BEGIN RECORDS SHOWN

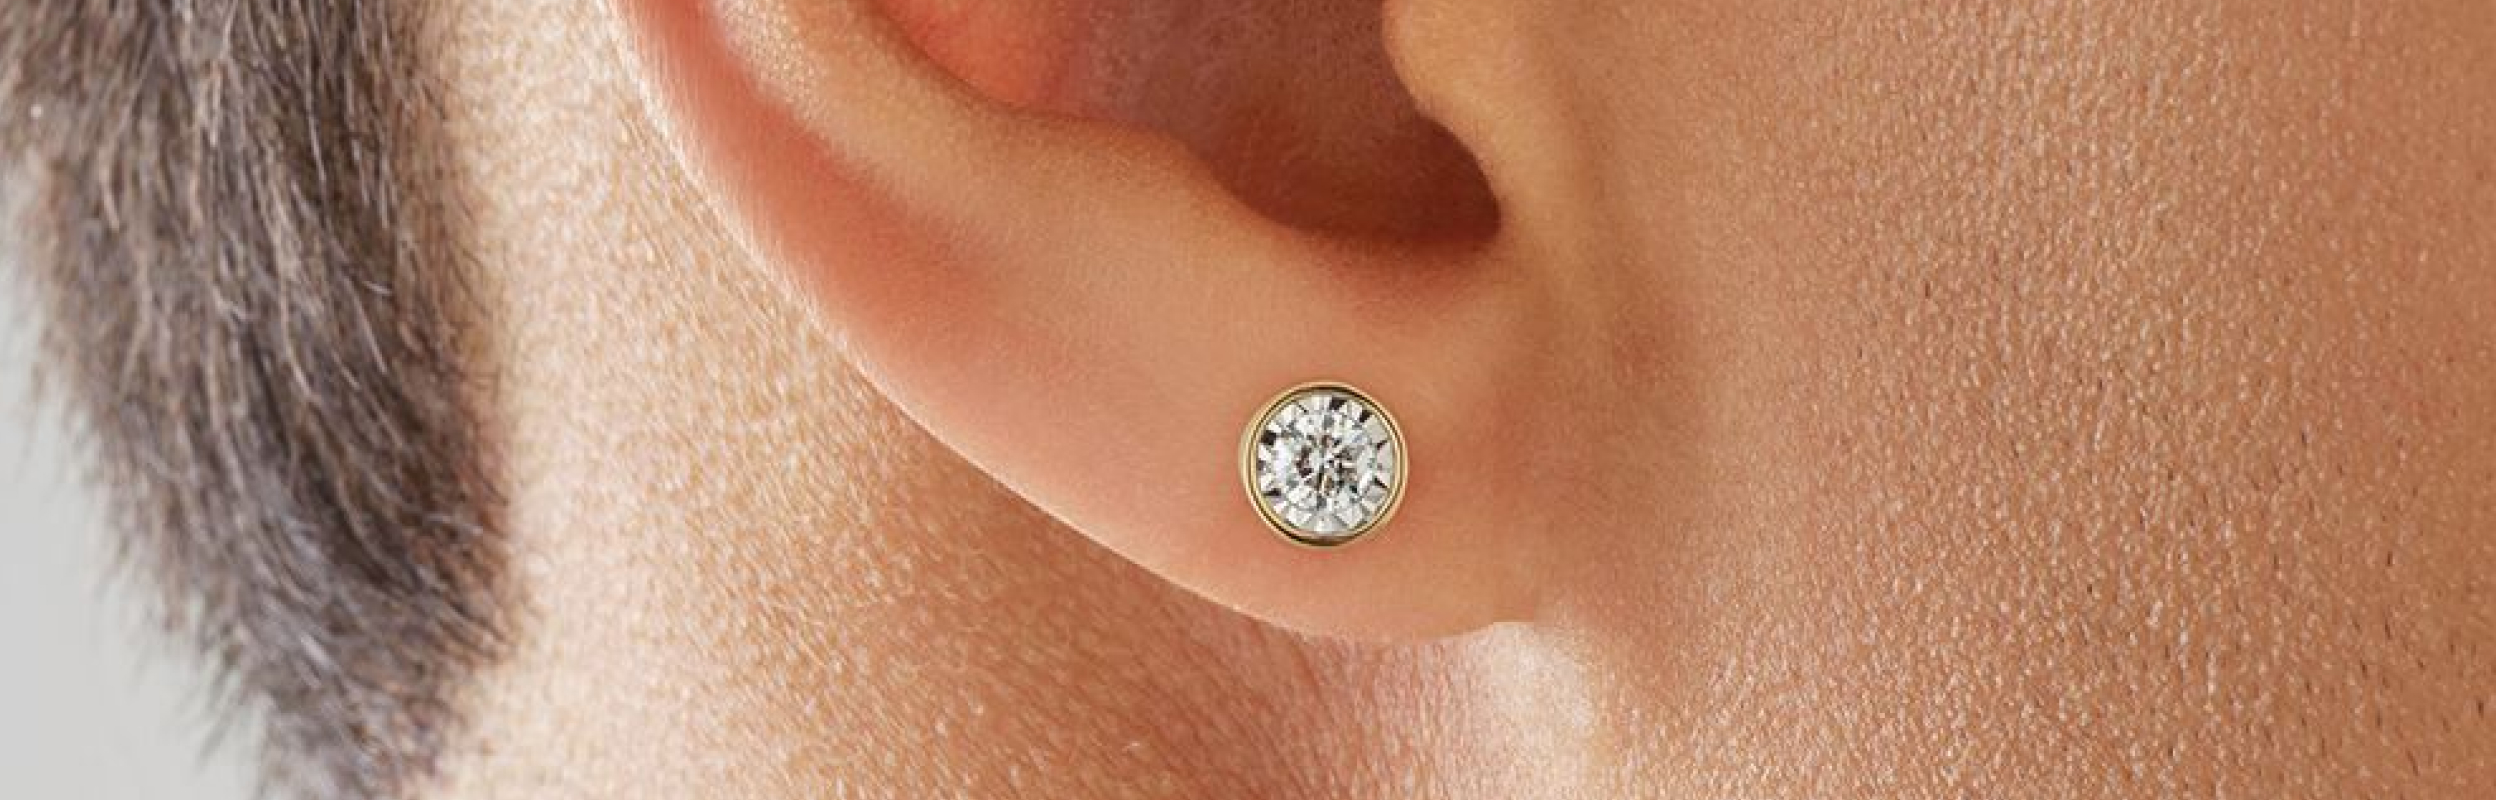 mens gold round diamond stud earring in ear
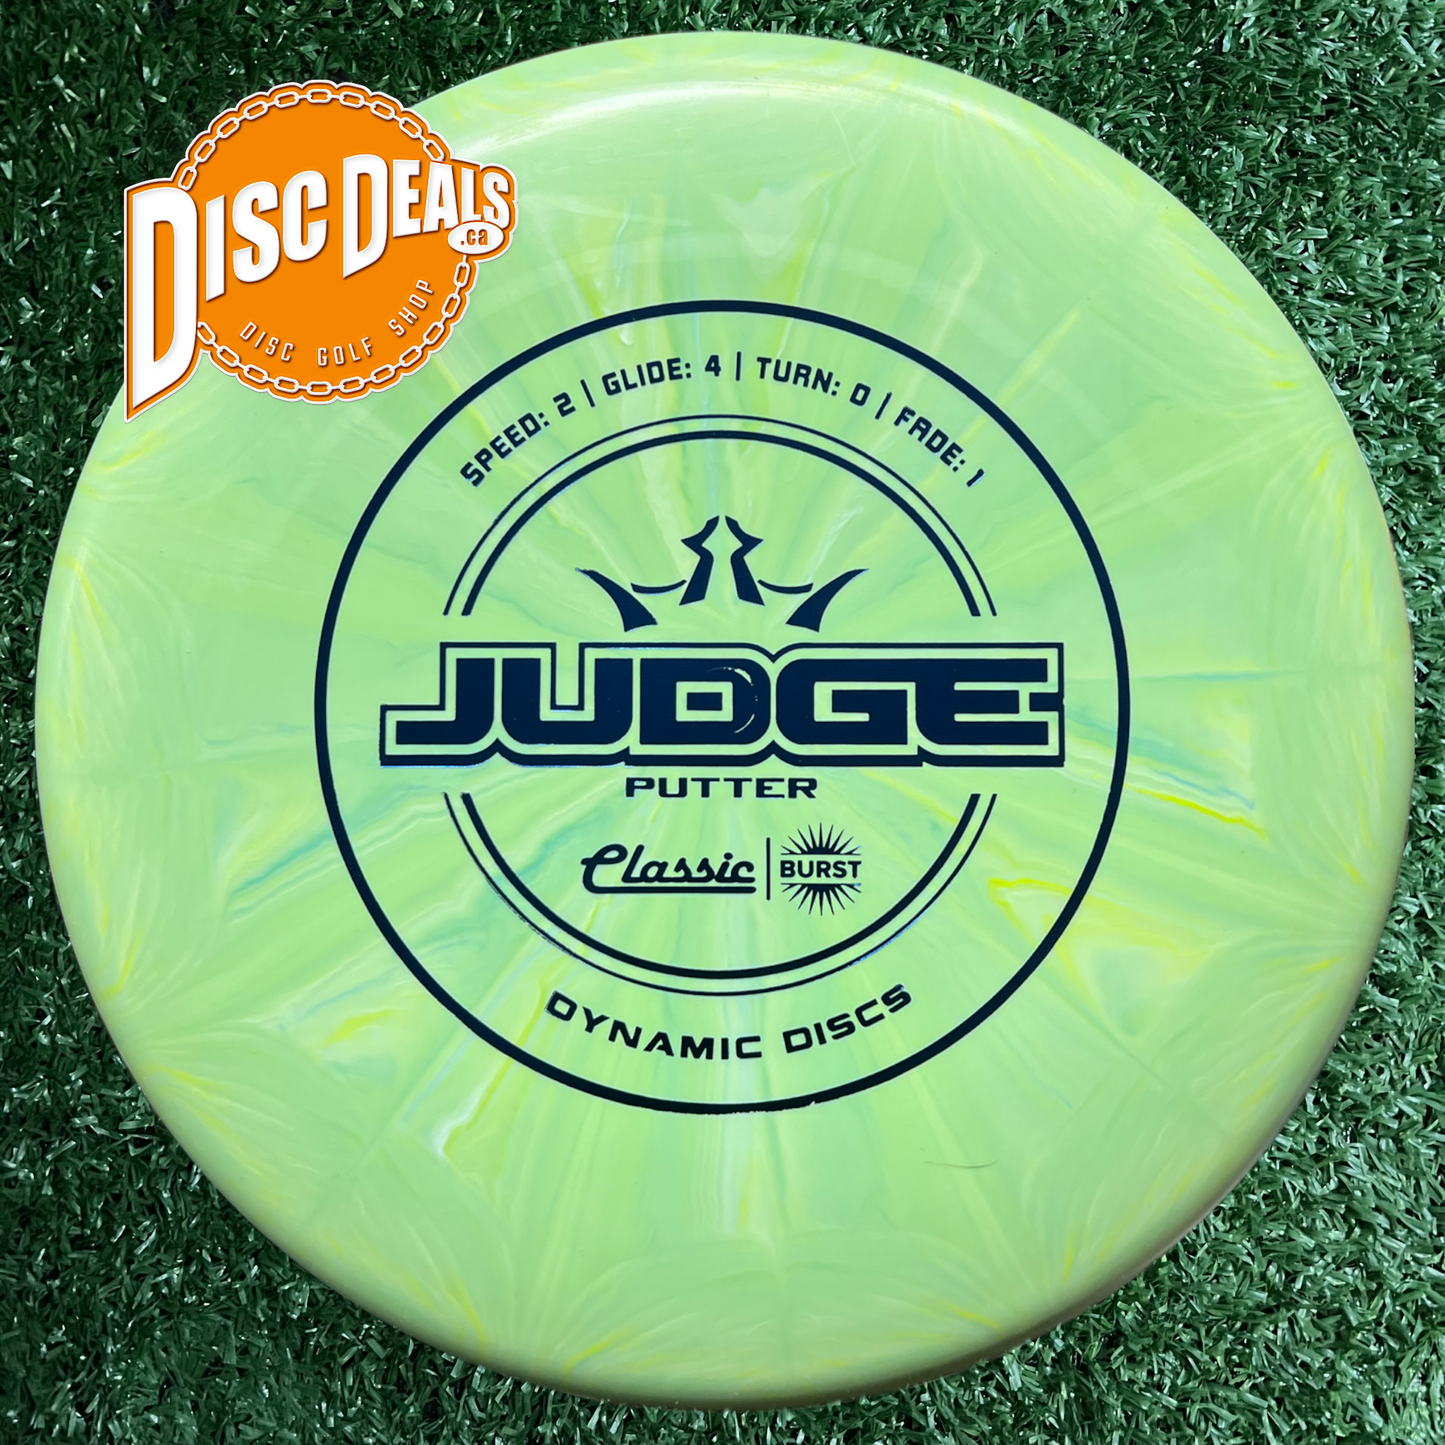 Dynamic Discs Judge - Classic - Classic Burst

END RECORDS SHOWN
BEGIN RECORDS SHOWN

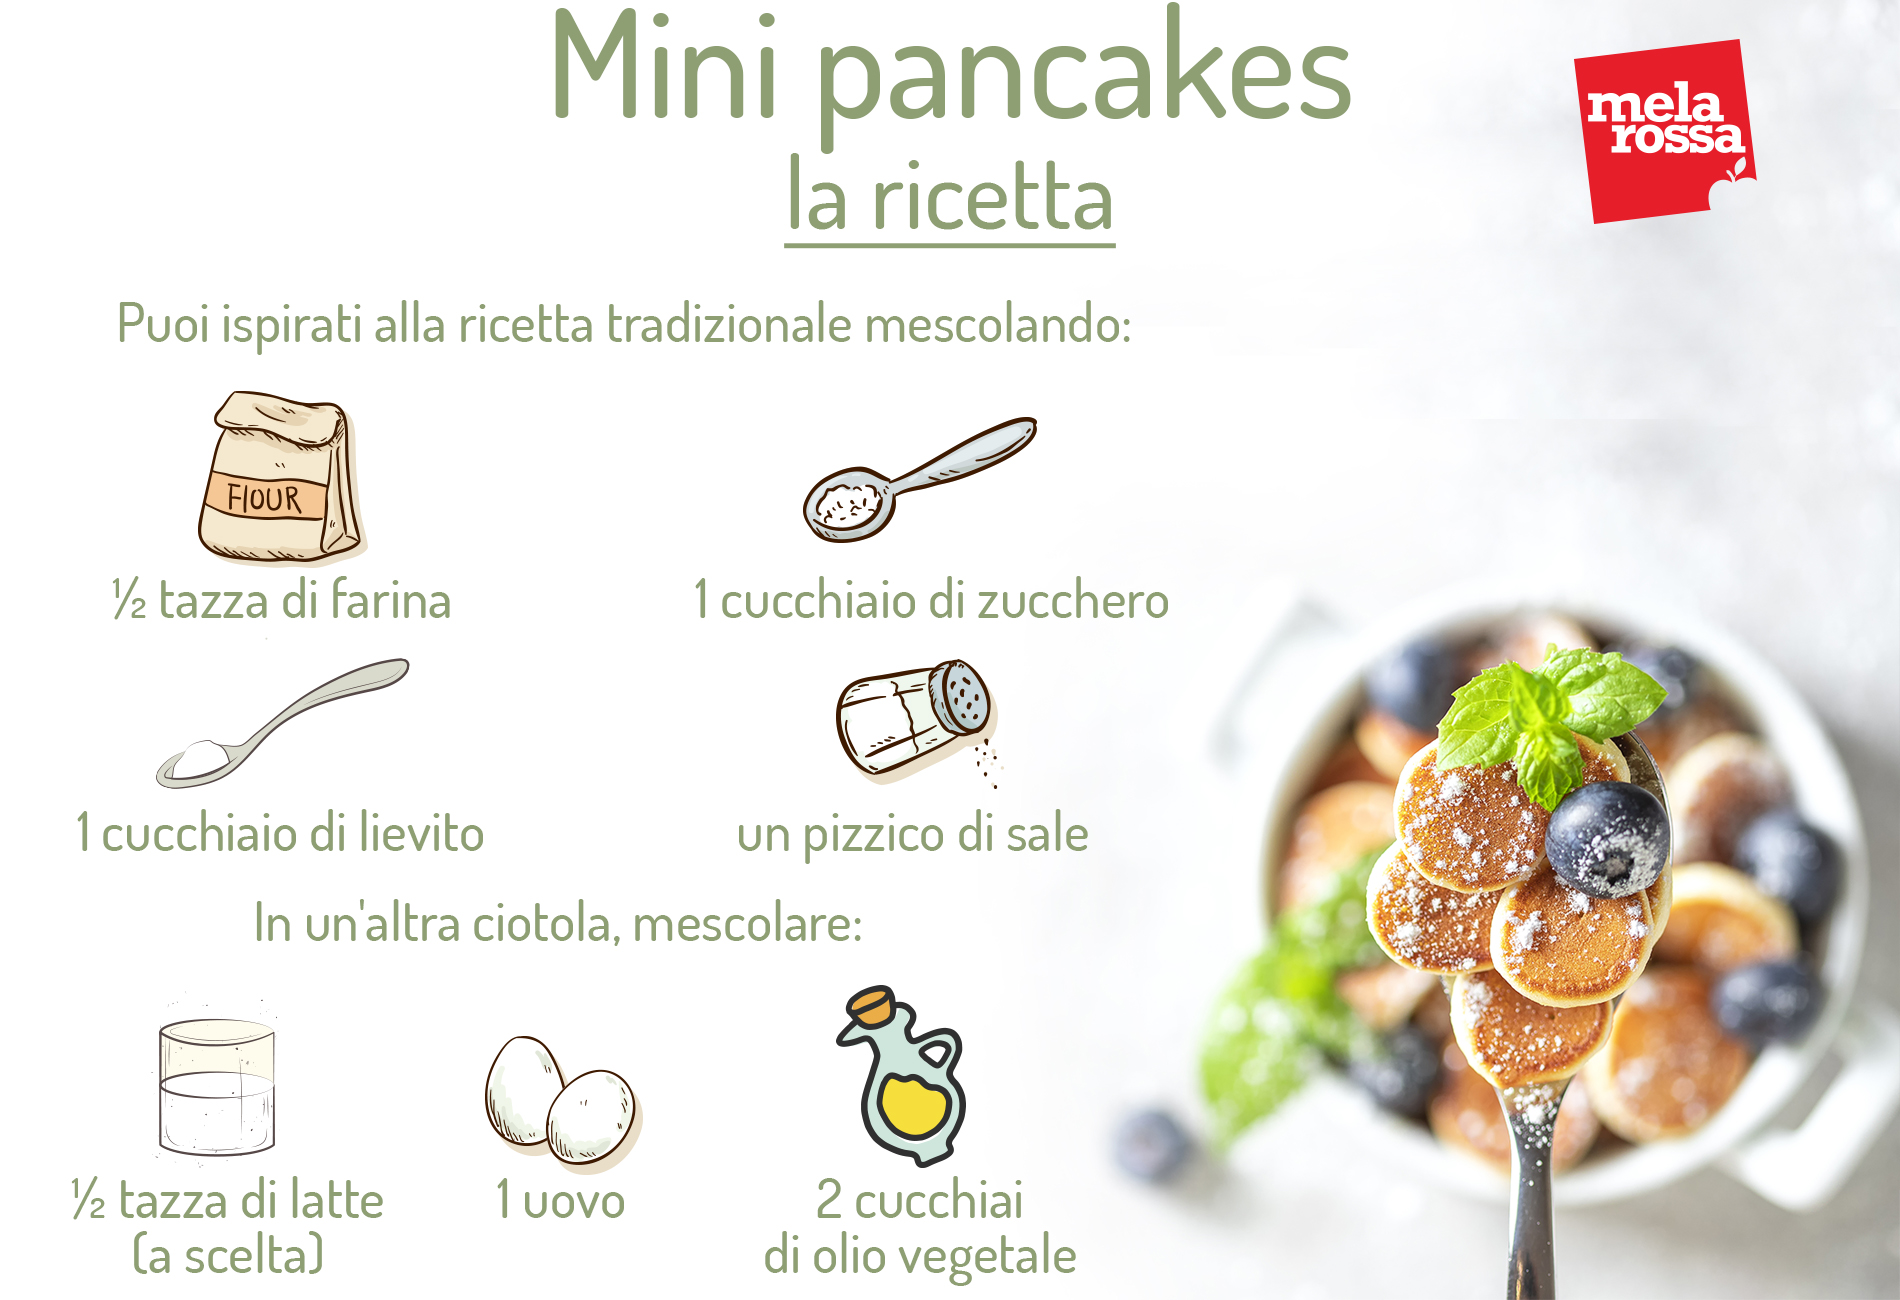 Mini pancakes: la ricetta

END RECORDS SHOWN

[YOUR TASK]
Transcribe, word for word, the stretch of lines in the data above from the one with "mens gold round diamond stud earring in ear" through the one with "Dynamic Discs Judge"; omit all pictures.

[SOLUTION TO THIS EXERCISE]
 mens gold round diamond stud earring in ear
 Dynamic Discs Judge - Classic - Classic Burst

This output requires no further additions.